PROBLEM STATEMENT:
Please repeat word for word the line containing "Cocoa powder COLA" and every following line up to and including the last one below, pictures excluded.

INPUT DATA:
+--

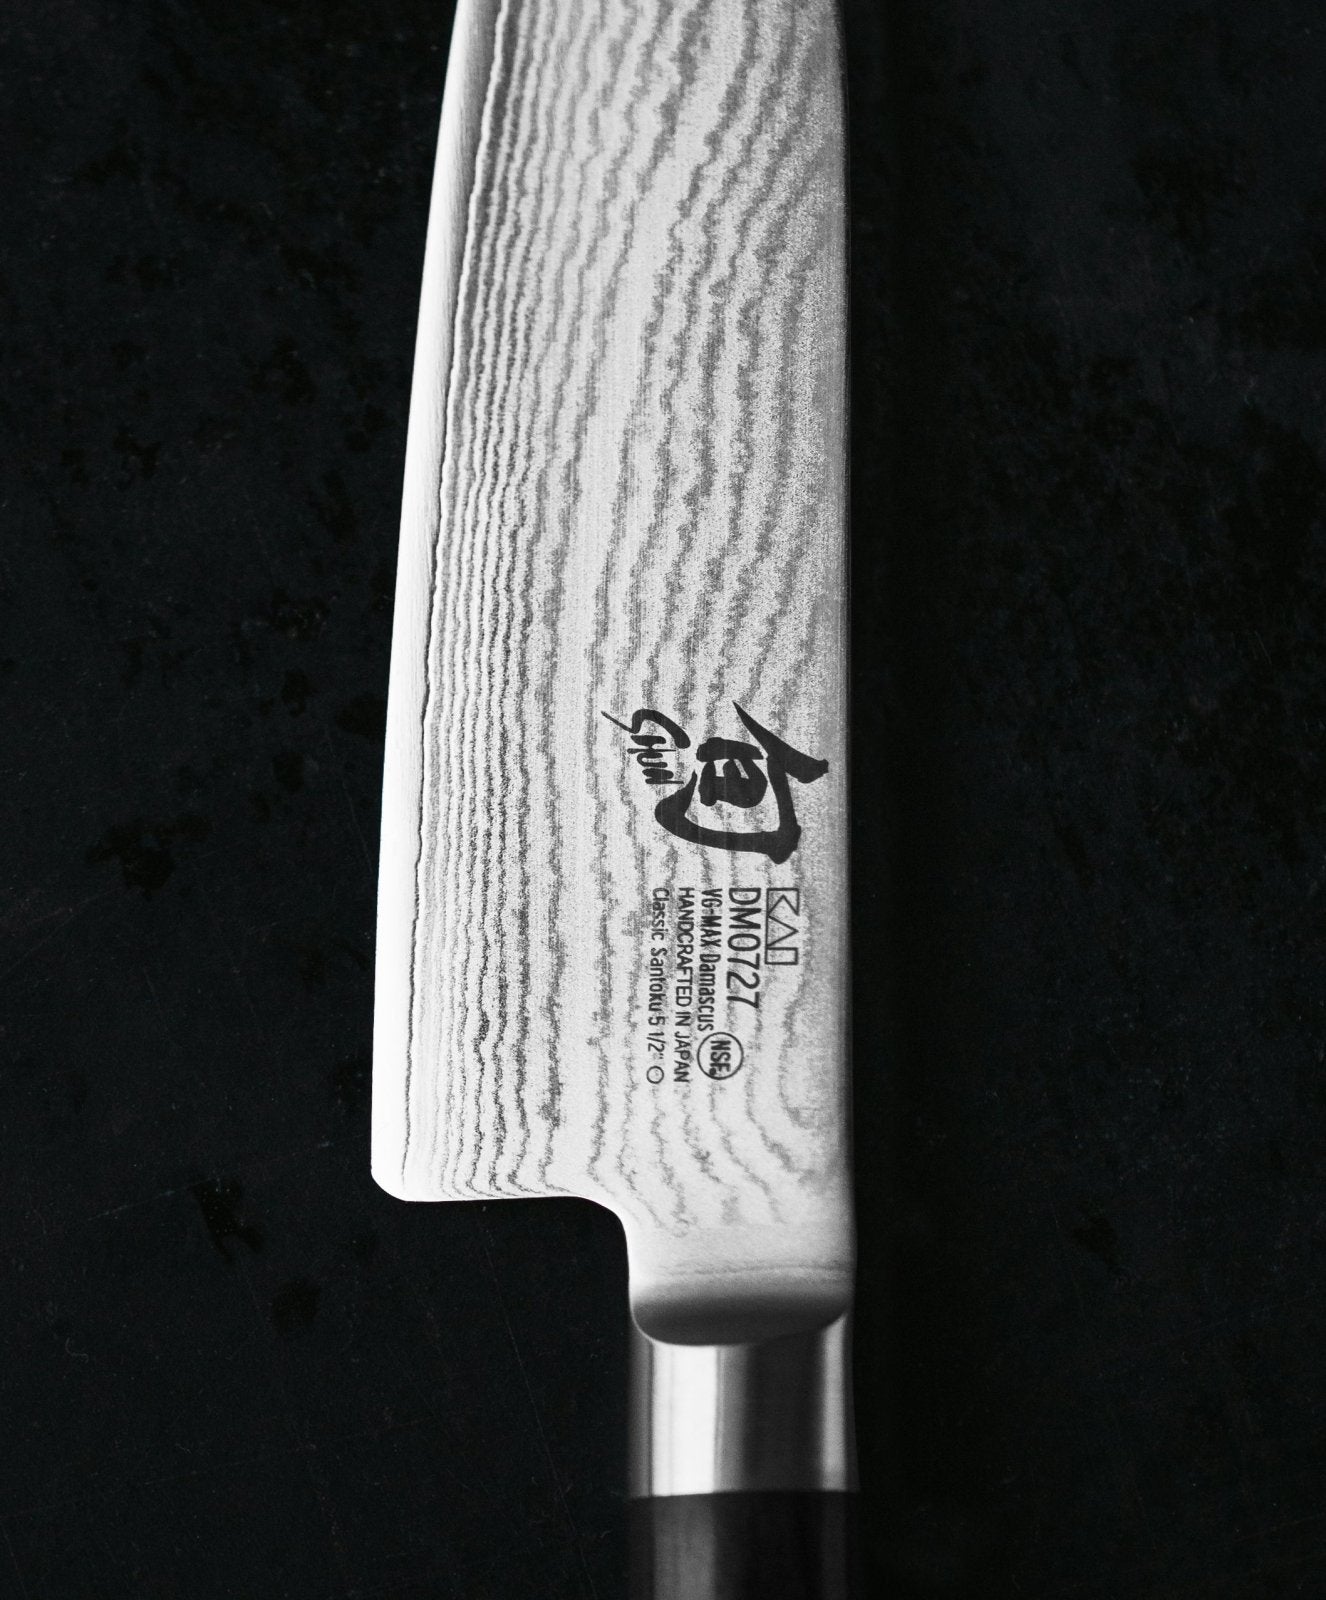 KAI Shun 25cm Chefs Knife - KAI-DM-0707 - The Cotswold Knife Company
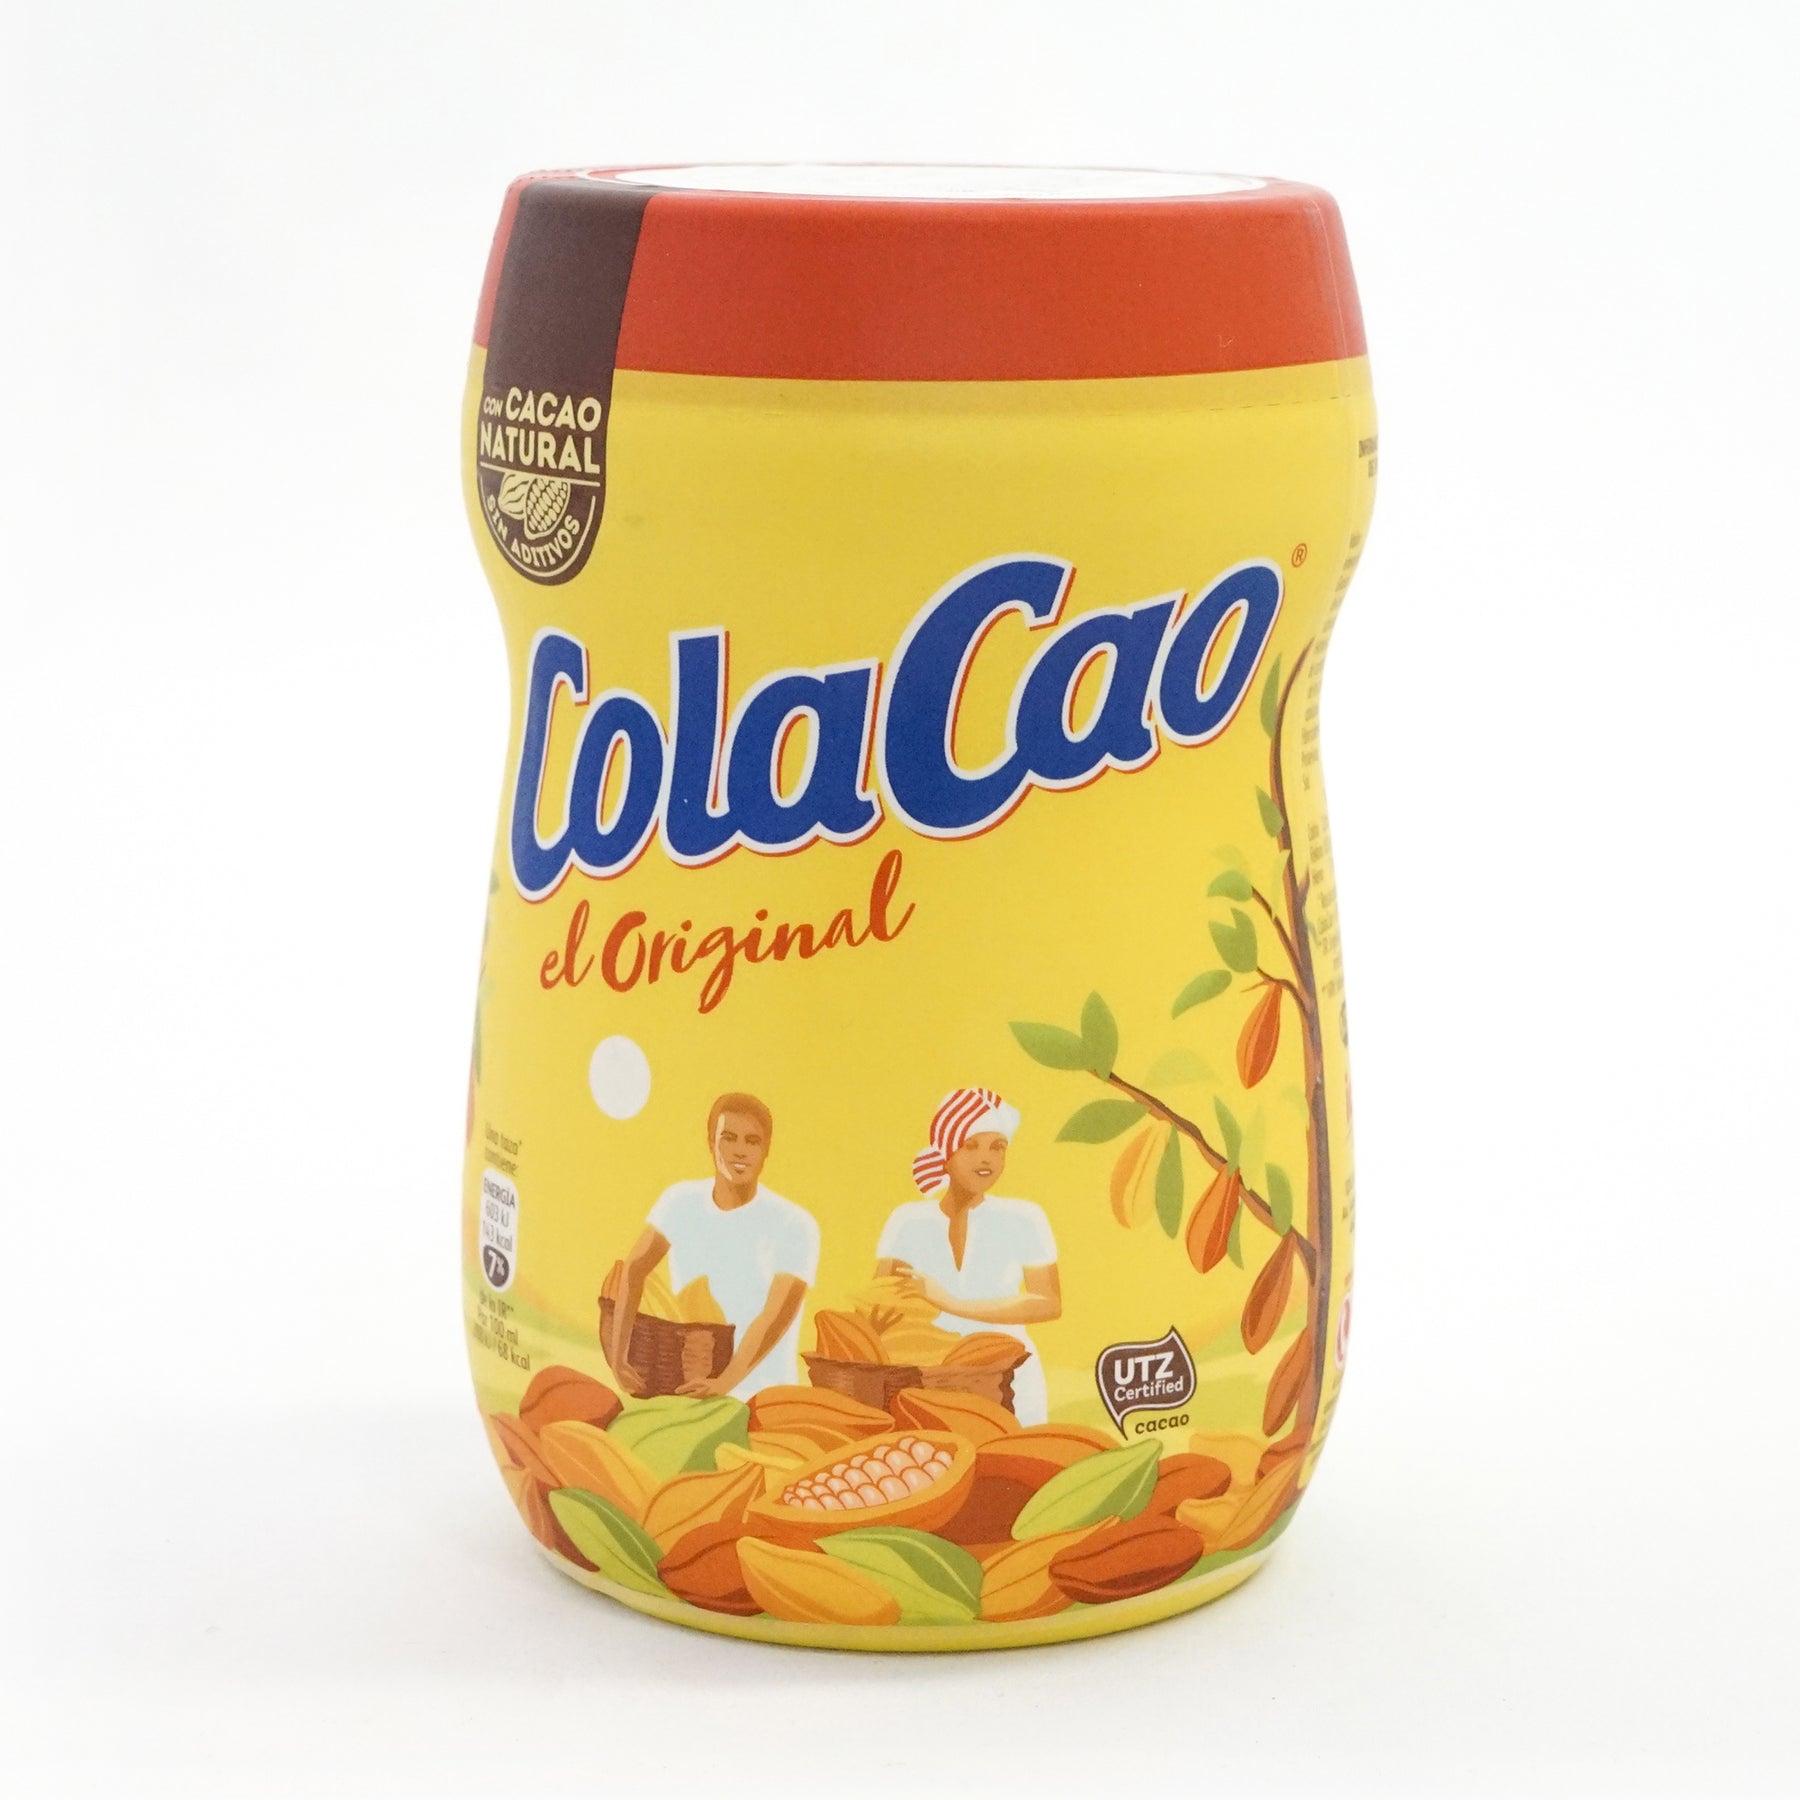 Cocoa powder COLA CAO ORIGINAL CASE 50 ENVELOPES 10 Gr. x 50 Un.
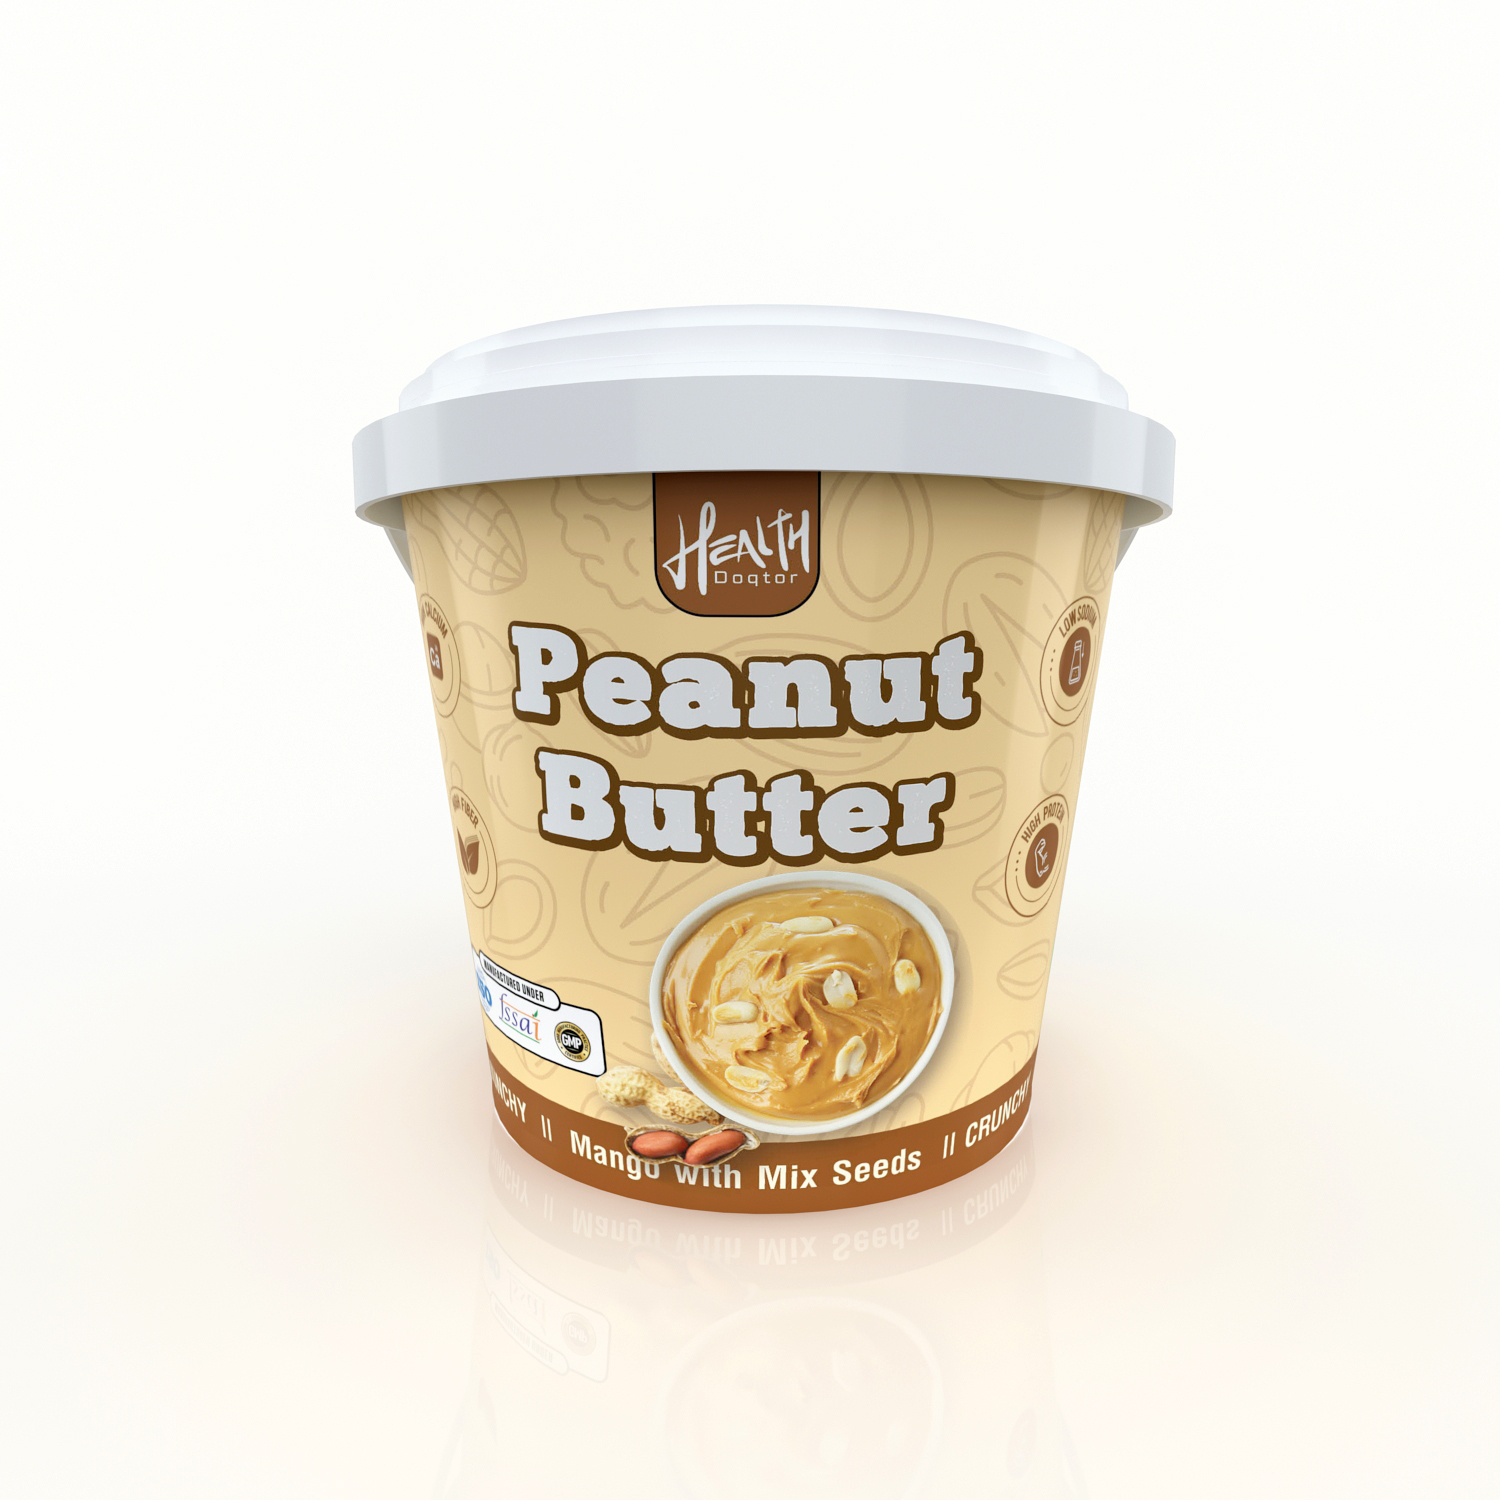 HealthDoqtor's Peanut Butter

+--

ANSWER FOR THIS EXERCISE:
 Cocoa powder COLA CAO ORIGINAL CASE 50 ENVELOPES 10 Gr. x 50 Un.
 HealthDoqtor's Peanut Butter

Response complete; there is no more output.